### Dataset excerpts
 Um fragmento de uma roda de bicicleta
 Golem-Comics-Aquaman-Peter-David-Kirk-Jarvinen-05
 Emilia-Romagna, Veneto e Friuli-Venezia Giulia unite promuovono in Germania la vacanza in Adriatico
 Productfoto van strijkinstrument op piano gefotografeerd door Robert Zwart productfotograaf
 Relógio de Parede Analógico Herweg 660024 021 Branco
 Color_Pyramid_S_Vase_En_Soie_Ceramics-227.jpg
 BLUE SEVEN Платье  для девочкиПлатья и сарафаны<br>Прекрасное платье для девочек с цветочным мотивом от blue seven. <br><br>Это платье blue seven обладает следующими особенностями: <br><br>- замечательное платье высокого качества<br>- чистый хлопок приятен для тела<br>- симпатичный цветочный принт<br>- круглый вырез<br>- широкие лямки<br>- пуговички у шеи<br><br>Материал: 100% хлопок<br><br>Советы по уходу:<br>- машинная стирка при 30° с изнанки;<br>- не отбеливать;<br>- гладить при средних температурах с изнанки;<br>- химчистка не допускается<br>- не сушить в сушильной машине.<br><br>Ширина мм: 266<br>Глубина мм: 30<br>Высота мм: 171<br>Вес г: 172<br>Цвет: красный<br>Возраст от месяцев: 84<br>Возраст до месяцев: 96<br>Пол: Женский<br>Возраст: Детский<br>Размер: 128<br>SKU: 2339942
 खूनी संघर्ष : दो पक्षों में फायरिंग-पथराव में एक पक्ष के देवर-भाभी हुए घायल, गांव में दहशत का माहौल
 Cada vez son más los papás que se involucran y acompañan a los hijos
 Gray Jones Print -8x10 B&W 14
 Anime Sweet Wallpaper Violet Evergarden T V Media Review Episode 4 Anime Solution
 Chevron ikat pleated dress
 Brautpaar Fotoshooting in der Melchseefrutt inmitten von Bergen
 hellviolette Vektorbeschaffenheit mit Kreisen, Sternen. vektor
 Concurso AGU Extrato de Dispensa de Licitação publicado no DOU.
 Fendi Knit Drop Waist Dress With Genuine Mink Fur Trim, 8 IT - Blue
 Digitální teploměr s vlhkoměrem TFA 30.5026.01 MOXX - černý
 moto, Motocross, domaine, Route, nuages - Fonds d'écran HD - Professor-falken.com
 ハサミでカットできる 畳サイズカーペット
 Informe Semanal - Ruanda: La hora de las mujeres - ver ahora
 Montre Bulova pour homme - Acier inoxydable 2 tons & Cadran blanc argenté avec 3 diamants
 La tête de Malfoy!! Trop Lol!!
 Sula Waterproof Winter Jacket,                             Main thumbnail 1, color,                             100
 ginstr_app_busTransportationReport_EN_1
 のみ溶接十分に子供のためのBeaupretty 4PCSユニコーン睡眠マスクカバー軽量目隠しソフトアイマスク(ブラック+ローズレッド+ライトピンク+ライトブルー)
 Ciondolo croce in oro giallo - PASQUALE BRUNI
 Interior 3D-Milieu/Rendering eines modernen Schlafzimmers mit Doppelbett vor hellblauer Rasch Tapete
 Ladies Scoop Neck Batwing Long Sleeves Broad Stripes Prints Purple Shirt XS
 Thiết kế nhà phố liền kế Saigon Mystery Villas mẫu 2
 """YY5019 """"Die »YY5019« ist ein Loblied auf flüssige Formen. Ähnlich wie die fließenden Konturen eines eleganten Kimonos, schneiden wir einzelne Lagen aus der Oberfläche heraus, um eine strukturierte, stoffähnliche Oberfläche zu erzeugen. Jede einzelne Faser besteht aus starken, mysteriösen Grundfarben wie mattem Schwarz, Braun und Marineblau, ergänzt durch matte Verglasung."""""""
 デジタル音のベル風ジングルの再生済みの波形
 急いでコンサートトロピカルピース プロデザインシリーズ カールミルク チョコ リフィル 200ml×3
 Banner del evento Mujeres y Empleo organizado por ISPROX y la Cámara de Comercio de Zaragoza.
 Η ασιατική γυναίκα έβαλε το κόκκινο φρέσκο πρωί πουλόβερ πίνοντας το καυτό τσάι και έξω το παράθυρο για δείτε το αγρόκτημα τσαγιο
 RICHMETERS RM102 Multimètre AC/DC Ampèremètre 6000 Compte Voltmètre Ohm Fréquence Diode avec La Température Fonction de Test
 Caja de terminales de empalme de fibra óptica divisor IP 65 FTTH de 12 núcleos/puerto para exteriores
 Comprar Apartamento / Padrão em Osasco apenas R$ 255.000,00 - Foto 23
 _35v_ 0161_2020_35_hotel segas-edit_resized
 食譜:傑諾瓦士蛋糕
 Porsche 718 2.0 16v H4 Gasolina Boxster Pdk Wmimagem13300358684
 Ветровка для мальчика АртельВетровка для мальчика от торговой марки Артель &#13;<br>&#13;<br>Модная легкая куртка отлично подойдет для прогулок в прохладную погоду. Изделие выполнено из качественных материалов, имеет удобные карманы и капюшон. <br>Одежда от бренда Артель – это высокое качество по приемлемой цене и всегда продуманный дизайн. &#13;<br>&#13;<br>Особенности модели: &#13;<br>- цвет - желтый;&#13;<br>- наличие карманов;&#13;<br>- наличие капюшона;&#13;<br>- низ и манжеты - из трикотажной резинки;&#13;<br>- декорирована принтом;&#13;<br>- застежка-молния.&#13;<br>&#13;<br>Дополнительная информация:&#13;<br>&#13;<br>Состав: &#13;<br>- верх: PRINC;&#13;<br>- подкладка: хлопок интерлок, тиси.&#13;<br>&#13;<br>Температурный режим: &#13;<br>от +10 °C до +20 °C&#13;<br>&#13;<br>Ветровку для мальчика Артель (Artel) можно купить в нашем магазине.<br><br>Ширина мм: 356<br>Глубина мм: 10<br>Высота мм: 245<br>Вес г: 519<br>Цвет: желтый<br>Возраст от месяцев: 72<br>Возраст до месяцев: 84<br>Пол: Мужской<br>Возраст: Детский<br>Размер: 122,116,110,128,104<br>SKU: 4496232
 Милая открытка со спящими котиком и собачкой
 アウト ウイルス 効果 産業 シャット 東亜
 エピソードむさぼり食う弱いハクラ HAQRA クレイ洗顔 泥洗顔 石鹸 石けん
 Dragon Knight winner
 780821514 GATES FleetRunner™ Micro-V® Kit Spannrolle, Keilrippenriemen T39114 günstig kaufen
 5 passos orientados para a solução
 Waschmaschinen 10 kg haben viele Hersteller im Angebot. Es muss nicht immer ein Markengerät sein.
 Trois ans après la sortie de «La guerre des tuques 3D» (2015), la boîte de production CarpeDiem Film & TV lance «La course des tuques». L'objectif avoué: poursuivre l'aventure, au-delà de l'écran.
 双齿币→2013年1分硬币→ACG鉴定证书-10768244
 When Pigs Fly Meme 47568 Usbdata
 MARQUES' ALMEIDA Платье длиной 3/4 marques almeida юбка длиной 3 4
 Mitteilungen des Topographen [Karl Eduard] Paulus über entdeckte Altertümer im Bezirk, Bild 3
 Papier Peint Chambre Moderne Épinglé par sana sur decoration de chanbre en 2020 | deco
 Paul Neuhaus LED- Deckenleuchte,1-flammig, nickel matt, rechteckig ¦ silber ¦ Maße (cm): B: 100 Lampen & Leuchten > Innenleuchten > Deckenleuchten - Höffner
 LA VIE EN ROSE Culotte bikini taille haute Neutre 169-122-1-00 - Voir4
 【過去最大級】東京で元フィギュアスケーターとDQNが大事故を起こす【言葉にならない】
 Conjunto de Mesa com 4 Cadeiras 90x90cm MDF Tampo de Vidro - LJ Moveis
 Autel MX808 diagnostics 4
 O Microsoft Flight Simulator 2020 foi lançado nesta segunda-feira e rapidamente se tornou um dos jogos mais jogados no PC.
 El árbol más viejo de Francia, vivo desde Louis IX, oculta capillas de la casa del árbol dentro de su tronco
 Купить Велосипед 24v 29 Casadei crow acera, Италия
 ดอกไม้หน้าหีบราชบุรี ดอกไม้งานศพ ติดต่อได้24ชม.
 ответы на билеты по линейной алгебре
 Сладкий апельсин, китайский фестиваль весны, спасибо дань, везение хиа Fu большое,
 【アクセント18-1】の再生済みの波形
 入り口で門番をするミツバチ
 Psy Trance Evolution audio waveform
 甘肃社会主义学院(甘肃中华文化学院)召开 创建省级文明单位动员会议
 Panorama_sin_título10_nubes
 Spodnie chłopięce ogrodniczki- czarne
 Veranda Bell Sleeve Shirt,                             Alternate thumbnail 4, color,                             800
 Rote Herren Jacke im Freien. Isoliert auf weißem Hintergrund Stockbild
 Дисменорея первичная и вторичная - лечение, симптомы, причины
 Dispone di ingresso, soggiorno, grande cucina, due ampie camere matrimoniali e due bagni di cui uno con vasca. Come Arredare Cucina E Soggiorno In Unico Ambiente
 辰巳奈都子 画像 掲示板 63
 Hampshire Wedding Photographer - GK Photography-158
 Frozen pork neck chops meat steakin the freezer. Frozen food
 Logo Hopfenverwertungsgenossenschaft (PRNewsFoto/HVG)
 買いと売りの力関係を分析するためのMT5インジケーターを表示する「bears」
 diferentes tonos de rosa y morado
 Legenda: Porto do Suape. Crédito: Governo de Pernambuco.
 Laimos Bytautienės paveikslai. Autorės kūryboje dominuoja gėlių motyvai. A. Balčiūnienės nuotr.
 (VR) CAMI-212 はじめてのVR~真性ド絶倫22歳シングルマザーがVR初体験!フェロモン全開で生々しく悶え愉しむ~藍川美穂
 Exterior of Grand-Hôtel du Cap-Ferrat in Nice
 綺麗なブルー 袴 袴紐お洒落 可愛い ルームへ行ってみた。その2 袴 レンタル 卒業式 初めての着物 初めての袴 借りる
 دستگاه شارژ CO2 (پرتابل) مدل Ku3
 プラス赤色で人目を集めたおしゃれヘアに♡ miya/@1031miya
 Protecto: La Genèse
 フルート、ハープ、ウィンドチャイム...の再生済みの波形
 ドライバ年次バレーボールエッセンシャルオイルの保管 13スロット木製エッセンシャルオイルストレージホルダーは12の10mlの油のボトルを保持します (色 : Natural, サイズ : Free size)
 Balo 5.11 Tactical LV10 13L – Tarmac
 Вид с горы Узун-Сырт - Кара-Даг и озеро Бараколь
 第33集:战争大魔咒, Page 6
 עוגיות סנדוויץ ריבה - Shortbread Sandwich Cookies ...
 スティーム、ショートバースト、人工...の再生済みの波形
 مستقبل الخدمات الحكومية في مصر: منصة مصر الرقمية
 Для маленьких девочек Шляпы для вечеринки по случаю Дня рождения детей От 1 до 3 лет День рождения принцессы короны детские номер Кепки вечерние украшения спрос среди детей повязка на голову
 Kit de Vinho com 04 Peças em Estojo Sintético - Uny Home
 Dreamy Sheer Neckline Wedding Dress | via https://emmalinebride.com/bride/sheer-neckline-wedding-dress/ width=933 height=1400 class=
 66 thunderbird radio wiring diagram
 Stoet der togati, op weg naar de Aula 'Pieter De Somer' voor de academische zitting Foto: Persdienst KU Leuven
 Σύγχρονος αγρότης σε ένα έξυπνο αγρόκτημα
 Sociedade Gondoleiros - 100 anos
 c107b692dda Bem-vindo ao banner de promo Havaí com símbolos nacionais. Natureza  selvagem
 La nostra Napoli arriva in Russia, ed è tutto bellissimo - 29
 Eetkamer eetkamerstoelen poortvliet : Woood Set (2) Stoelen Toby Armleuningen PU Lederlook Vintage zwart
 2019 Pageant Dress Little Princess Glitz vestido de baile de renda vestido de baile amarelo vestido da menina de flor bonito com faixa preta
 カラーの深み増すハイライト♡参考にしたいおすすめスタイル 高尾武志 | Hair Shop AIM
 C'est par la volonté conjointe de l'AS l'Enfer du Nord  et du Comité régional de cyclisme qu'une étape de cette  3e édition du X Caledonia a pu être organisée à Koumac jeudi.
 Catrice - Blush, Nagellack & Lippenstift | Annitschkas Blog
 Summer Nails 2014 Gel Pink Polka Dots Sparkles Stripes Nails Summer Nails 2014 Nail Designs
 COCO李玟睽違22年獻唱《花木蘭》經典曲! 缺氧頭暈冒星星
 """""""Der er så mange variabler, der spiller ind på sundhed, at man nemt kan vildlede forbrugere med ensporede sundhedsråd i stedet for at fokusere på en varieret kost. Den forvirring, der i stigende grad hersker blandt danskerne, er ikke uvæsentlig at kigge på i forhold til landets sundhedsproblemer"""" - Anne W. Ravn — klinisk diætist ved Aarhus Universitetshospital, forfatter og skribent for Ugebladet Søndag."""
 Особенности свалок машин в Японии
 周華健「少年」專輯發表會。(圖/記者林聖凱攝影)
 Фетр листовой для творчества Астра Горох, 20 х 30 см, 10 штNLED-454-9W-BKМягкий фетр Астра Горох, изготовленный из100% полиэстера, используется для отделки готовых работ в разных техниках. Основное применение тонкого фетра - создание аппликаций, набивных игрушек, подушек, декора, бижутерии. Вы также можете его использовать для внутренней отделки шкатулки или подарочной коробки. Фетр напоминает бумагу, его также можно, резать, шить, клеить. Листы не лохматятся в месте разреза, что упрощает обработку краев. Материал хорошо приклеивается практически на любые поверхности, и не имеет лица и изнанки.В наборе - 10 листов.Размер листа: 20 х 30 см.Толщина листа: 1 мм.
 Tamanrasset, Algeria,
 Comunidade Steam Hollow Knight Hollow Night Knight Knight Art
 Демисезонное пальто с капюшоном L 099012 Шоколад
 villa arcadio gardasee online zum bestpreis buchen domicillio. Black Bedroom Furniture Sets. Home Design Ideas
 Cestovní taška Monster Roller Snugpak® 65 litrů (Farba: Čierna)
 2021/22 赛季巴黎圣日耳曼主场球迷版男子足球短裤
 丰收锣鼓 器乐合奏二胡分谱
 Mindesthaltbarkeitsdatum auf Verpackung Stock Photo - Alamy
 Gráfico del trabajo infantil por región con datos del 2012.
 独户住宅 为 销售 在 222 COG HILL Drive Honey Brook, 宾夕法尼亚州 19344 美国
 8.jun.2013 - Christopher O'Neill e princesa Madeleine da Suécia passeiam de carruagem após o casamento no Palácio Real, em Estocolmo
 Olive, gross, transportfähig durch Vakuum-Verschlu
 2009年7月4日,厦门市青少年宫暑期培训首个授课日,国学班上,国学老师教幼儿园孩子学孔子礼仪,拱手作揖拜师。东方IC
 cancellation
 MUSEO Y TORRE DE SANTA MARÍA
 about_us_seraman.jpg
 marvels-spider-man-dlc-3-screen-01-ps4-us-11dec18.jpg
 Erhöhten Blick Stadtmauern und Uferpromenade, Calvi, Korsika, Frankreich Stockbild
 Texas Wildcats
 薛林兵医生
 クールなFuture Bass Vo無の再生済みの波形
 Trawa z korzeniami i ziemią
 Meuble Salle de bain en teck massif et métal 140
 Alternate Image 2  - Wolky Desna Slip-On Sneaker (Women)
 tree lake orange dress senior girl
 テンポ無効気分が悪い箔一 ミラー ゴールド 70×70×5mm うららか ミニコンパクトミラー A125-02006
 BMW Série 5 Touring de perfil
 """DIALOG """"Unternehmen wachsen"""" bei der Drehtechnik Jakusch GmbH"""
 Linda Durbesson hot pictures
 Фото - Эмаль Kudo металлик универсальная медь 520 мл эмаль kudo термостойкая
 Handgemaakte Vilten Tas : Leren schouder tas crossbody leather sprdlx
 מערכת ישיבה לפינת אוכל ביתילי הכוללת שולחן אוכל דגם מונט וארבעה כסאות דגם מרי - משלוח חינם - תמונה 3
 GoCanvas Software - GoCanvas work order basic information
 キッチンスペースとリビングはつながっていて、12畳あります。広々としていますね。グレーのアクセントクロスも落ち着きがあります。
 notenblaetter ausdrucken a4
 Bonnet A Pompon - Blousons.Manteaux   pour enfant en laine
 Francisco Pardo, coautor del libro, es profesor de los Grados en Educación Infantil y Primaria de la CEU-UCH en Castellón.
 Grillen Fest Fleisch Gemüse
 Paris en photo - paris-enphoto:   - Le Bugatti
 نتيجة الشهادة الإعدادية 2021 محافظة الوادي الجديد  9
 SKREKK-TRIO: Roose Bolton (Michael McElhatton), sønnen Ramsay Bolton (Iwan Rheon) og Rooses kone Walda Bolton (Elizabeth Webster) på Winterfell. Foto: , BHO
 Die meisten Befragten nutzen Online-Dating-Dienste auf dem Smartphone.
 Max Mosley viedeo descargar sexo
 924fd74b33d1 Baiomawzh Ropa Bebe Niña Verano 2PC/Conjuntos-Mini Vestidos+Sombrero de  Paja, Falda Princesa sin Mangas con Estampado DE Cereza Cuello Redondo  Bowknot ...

### The problem
An exact copy of the lines above, from the one containing "急いでコンサートトロピカルピース プロデザインシリーズ カールミルク" down to the one containing "Waschmaschinen 10 kg" and including both, is the whole answer; retype it and nothing else.

### Written response
 急いでコンサートトロピカルピース プロデザインシリーズ カールミルク チョコ リフィル 200ml×3
 Banner del evento Mujeres y Empleo organizado por ISPROX y la Cámara de Comercio de Zaragoza.
 Η ασιατική γυναίκα έβαλε το κόκκινο φρέσκο πρωί πουλόβερ πίνοντας το καυτό τσάι και έξω το παράθυρο για δείτε το αγρόκτημα τσαγιο
 RICHMETERS RM102 Multimètre AC/DC Ampèremètre 6000 Compte Voltmètre Ohm Fréquence Diode avec La Température Fonction de Test
 Caja de terminales de empalme de fibra óptica divisor IP 65 FTTH de 12 núcleos/puerto para exteriores
 Comprar Apartamento / Padrão em Osasco apenas R$ 255.000,00 - Foto 23
 _35v_ 0161_2020_35_hotel segas-edit_resized
 食譜:傑諾瓦士蛋糕
 Porsche 718 2.0 16v H4 Gasolina Boxster Pdk Wmimagem13300358684
 Ветровка для мальчика АртельВетровка для мальчика от торговой марки Артель &#13;<br>&#13;<br>Модная легкая куртка отлично подойдет для прогулок в прохладную погоду. Изделие выполнено из качественных материалов, имеет удобные карманы и капюшон. <br>Одежда от бренда Артель – это высокое качество по приемлемой цене и всегда продуманный дизайн. &#13;<br>&#13;<br>Особенности модели: &#13;<br>- цвет - желтый;&#13;<br>- наличие карманов;&#13;<br>- наличие капюшона;&#13;<br>- низ и манжеты - из трикотажной резинки;&#13;<br>- декорирована принтом;&#13;<br>- застежка-молния.&#13;<br>&#13;<br>Дополнительная информация:&#13;<br>&#13;<br>Состав: &#13;<br>- верх: PRINC;&#13;<br>- подкладка: хлопок интерлок, тиси.&#13;<br>&#13;<br>Температурный режим: &#13;<br>от +10 °C до +20 °C&#13;<br>&#13;<br>Ветровку для мальчика Артель (Artel) можно купить в нашем магазине.<br><br>Ширина мм: 356<br>Глубина мм: 10<br>Высота мм: 245<br>Вес г: 519<br>Цвет: желтый<br>Возраст от месяцев: 72<br>Возраст до месяцев: 84<br>Пол: Мужской<br>Возраст: Детский<br>Размер: 122,116,110,128,104<br>SKU: 4496232
 Милая открытка со спящими котиком и собачкой
 アウト ウイルス 効果 産業 シャット 東亜
 エピソードむさぼり食う弱いハクラ HAQRA クレイ洗顔 泥洗顔 石鹸 石けん
 Dragon Knight winner
 780821514 GATES FleetRunner™ Micro-V® Kit Spannrolle, Keilrippenriemen T39114 günstig kaufen
 5 passos orientados para a solução
 Waschmaschinen 10 kg haben viele Hersteller im Angebot. Es muss nicht immer ein Markengerät sein.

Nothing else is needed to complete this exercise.